84P - Trimodality therapy including radical resection for pancoast tumors: T4 is not a contraindication for radical surgery

Date 17 April 2015
Event ELCC 2015
Session Poster lunch
Topics Anti-Cancer Agents & Biologic Therapy
Non-Small-Cell Lung Cancer, Locally Advanced
Surgery and/or Radiotherapy of Cancer
Presenter Mir Hoda
Citation Annals of Oncology (2015) 26 (suppl_1): 24-28. 10.1093/annonc/mdv049
Authors M.A. Hoda1, R. Waseda1, T. Klikovits1, O. Foesleitner2, S. Zoechbauer-Mueller3, K. Dieckmann4, H. Prosch5, R. Pirker3, W. Klepetko1
  • 1Division Of Thoracic Surgery, Department Of Surgery, Vienna General Hospital (AKH) - Medizinische Universität Wien, 1090 - Vienna/AT
  • 2Division Of Thoracic Surgery, Vienna General Hospital (AKH) - Medizinische Universität Wien, 1090 - Vienna/AT
  • 3Division Of Oncology, Department Of Medicine I, Vienna General Hospital (AKH) - Medizinische Universität Wien, 1090 - Vienna/AT
  • 4Department Of Radiation Oncology, Vienna General Hospital (AKH) - Medizinische Universität Wien, 1090 - Vienna/AT
  • 5Department Of Radiology, Vienna General Hospital (AKH) - Medizinische Universität Wien, 1090 - Vienna/AT



Neodajuvant chemoradiotherapy (NCRT) followed by surgical resection is the therapy regimen of choice in patients with Pancoast tumors. However, surgery remains challenging in these patients and extended procedures, particularly in T4 tumors, with resection and reconstruction of vessels and spine structures are required. Therefore this study aims to evaluate the efficacy and safety of trimodality treatment for a locally very advanced Pancoast tumor patient cohort.


66 consecutive patients with Pancoast tumors treated surgically from 1998 to 2013 were identified in the institutional database. Patient's medical records were reviewed retrospectively and data was analyzed by using PASW Statistics 18.0 package.
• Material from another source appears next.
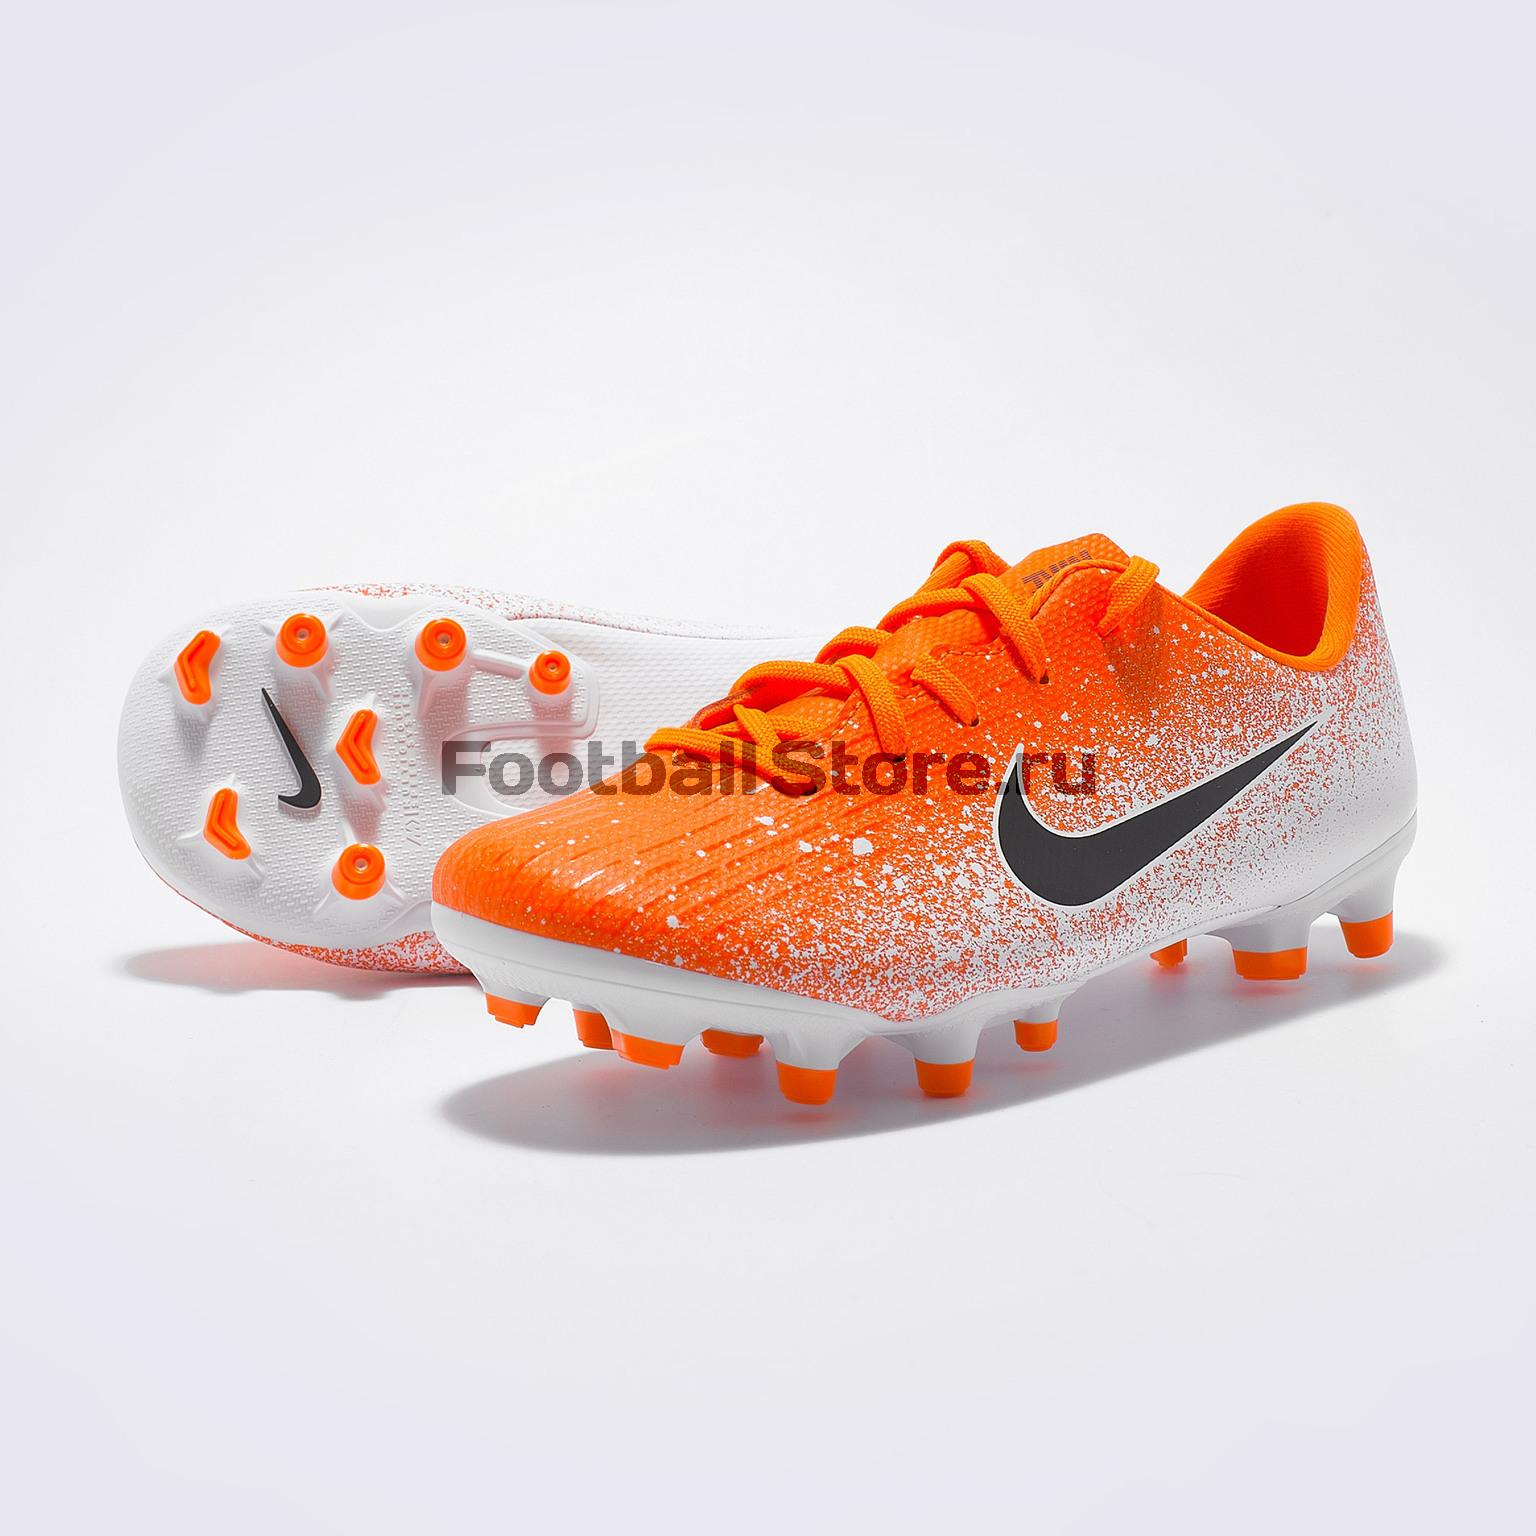 Бутсы детские Nike Vapor 12 Academy PS FG/MG AH7349-801 бутсы детские nike vapor 12 academy gs fg mg ah7347 070

Patients mean age was 57 (31-84) years. 47 male and 19 female patients had the following ECOG status: 0 in 54; 1 in 7 and 2 in 5 cases. Main histology was adenocarcinoma in 31, squamous cell carcinoma in 28 and others in 7 patients. 46 (70%) patients underwent NCRT, 12 (18%) neoadjuvant chemotherapy alone prior to surgery and 8 (12%) received no neoadjuvant treatment. The extent of lung resection was: 52(79%) lobectomies, 9(14%) pneumonectomies, and 5(7%) sublobar resections. Extended procedures were performed in 37(56%) cases (12 for big vessels, 10 for spine, 3 for vessels and spine, and 4 for vessels and anterior chest wall). Complete resection was achieved in 58(88%) patients. 30-day mortality was 4.5%. Overall survival (OS) was 53.4% and disease-free survival (DFS) was 42.0% at 3-years. No influence on survival was observed with regard to the extended surgical procedure and the extent of lung resection. Pathological N stage and no NCRT were significant risk factors for OS. No NCRT and absent pathological response were significant risk factor for DFS. Clinical T stage, extended procedure, extent of lung resection did not significantly alter OS or DFS in multivariate analysis.


In the present series, trimodality treatment with radical resection for Pancoast tumors had favorable survival outcomes. Especially T4 tumors with involvement of big vessels and spine structures were not a contraindication for radical resection after NCRT.


All authors have declared no conflicts of interest.